In terms of pacing, Greg demonstrated a strong start with his initial running segments considerably faster than average, indicating a tendency to start with a quicker pace. However, his total running time was 00:47:14, which is 00:06 slower than average, suggesting room for improvement in maintaining his pace throughout the race. Greg's profile leans towards a balanced athlete with potential in both running and strength, given his mixed performance across different segments. His better-than-average performance in strength tasks like the Sled Push and Sled Pull signals a solid base in strength, while the overall running time indicates opportunities for improvement, especially in endurance.
Segments to Improve
Running 7: Greg's performance in this segment was significantly slower, with a time of 10:05, which is 04:09 slower than average. This suggests a need to improve endurance and pacing in the later stages of the race.
Training Strategies: Incorporate longer tempo runs and interval training to build endurance and pace maintenance.
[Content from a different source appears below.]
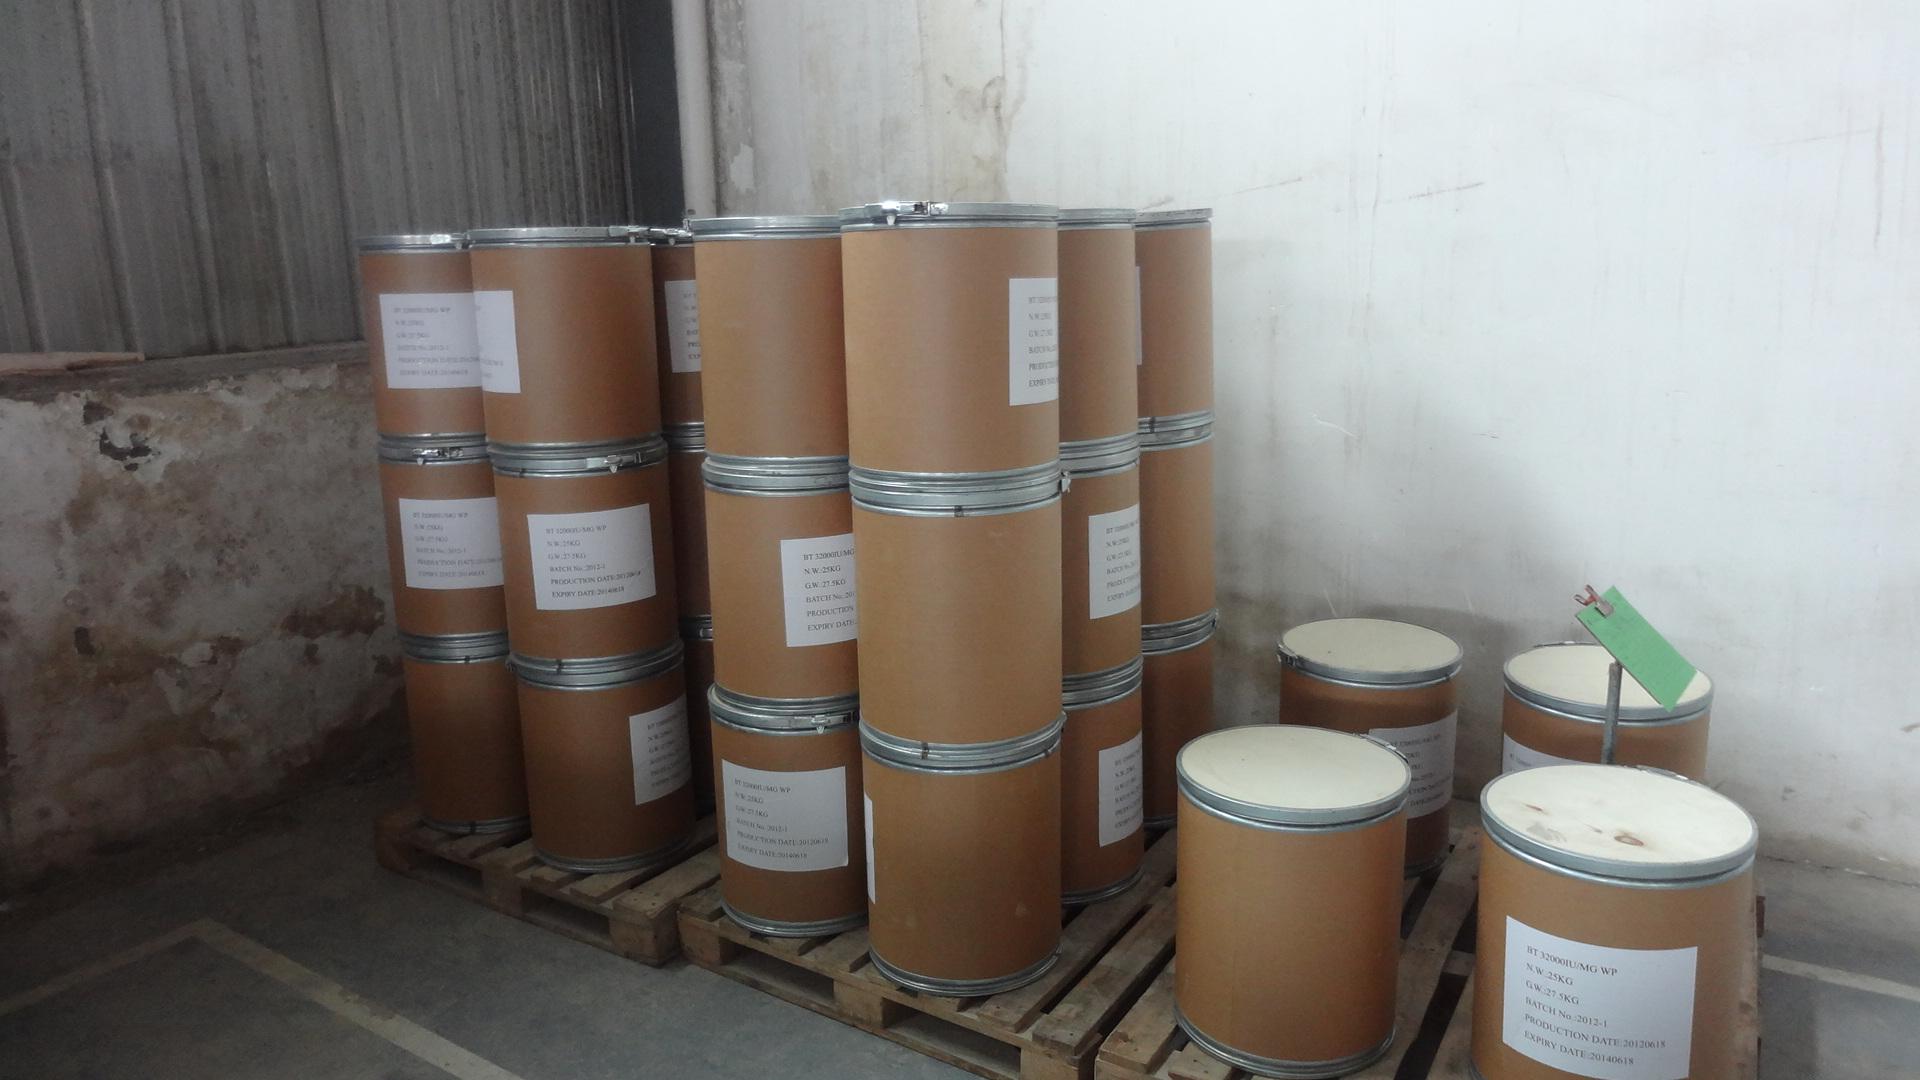 Insecticide 32000IU/MG WP bacillus thuringiensis
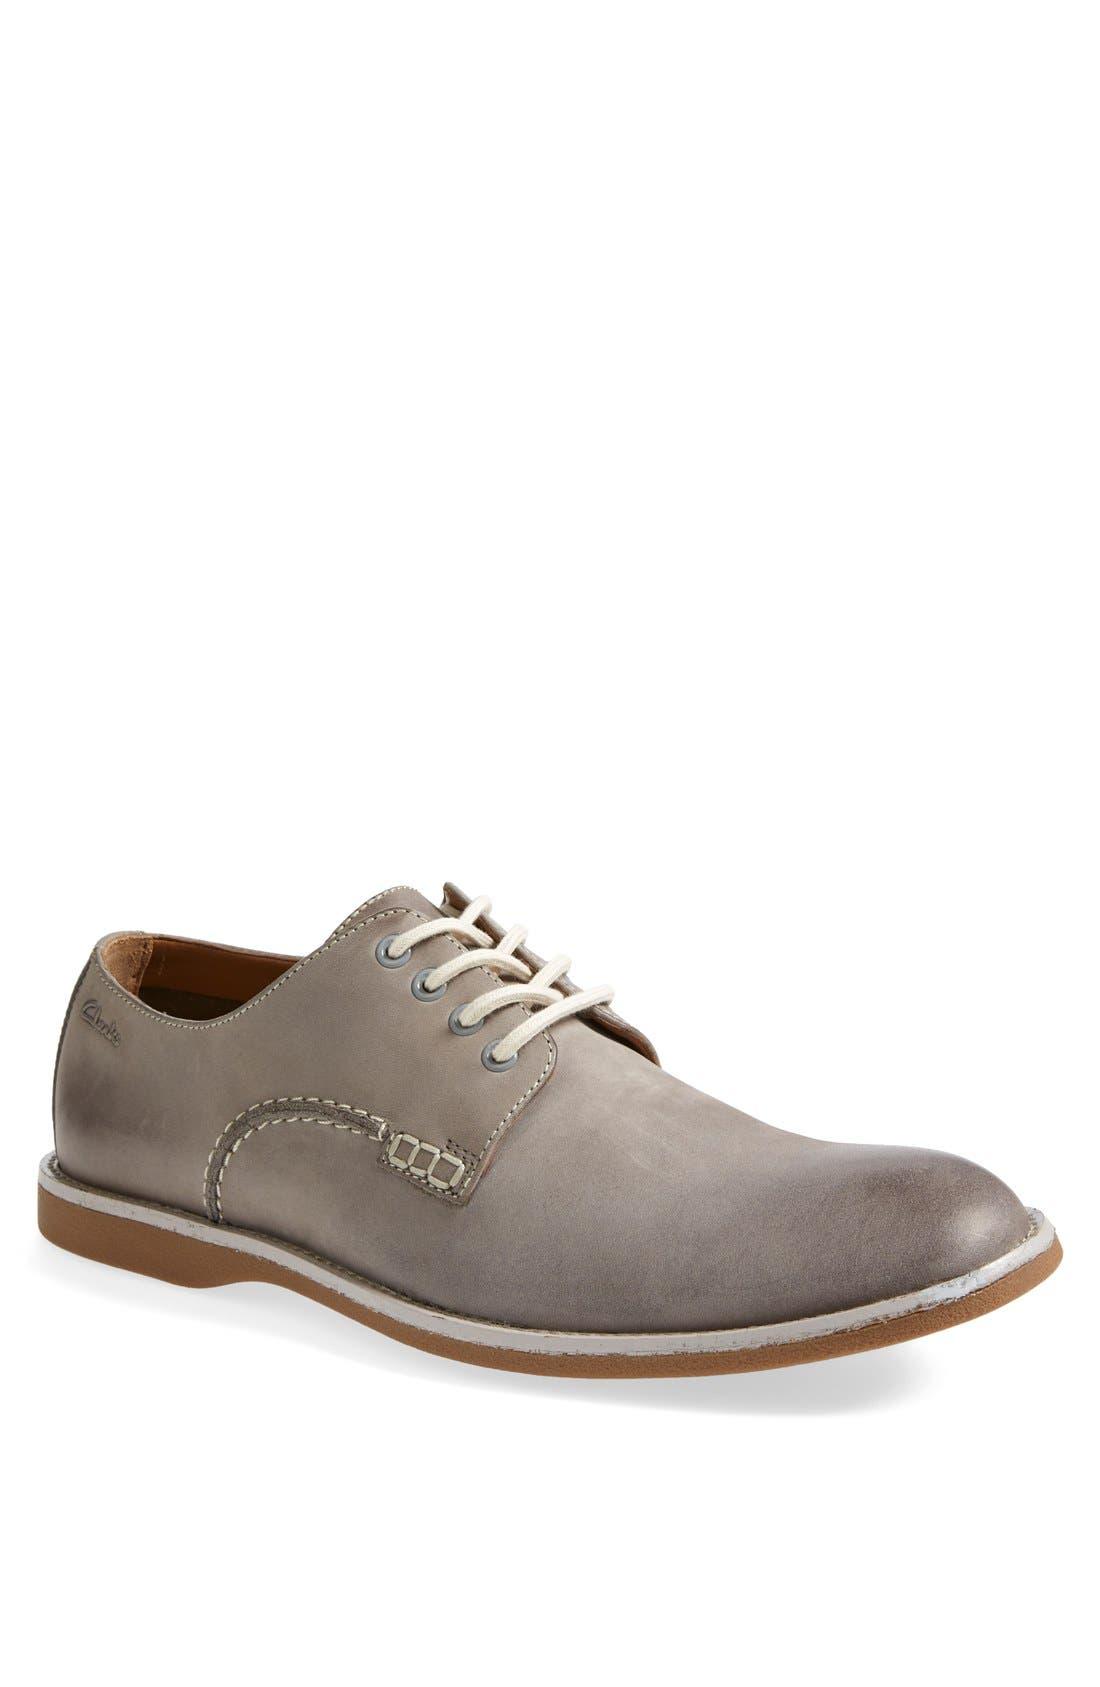 Main Image - Clarks® 'Farli Walk' Plain Toe Derby   (Men)

Consider adding hill repeats to enhance strength and stamina.
Exercises: Long-distance runs (8-10 km) at a steady pace, interval training (e.g., 5 x 1000m at race pace with short recovery), and hill sprints.
Burpees Broad Jump: With a time of 07:16, Greg was 01:09 slower than average, highlighting a need for improvement in explosive power and recovery.
Training Strategies: Focus on plyometric exercises and metabolic conditioning to enhance explosive strength and recovery speed.
Exercises: Box jumps, burpee variations, and circuit training involving high-intensity interval training (HIIT) to improve aerobic capacity and muscle endurance.
Wall Balls: Greg completed this segment in 08:24, which is 00:56 slower than average, indicating room for improvement in muscular endurance and form.
Training Strategies: Strengthen leg and core muscles with targeted resistance training and practice wall ball techniques to enhance coordination and efficiency.
Exercises: Squats, thrusters, core stability drills, and wall ball practice focusing on consistent form and breathing techniques.
Rowing: At 05:17, Greg was 00:15 slower than average, suggesting a need to improve rowing technique and endurance.
Training Strategies: Incorporate rowing intervals and technique drills to enhance efficiency and stamina.
Exercises: Rowing intervals (e.g., 500m sprints with rest), stroke technique drills, and core exercises to support stable rowing form.
Race Strategies
Pacing: Develop a consistent pacing strategy to avoid starting too fast and losing momentum in later segments. Consider using a heart rate monitor to maintain optimal effort levels throughout the race.
Transition Efficiency: Work on minimizing time in the Roxzone by practicing quick transitions between exercises. This can be achieved through specific transition drills and rehearsing race scenarios.
Nutrition and Hydration: Ensure a well-planned nutrition and hydration strategy is in place before and during the race to maintain energy levels and prevent fatigue.
Mental Preparation: Focus on mental toughness training to maintain focus and motivation during the most challenging parts of the race. Visualization and mindfulness techniques can be beneficial.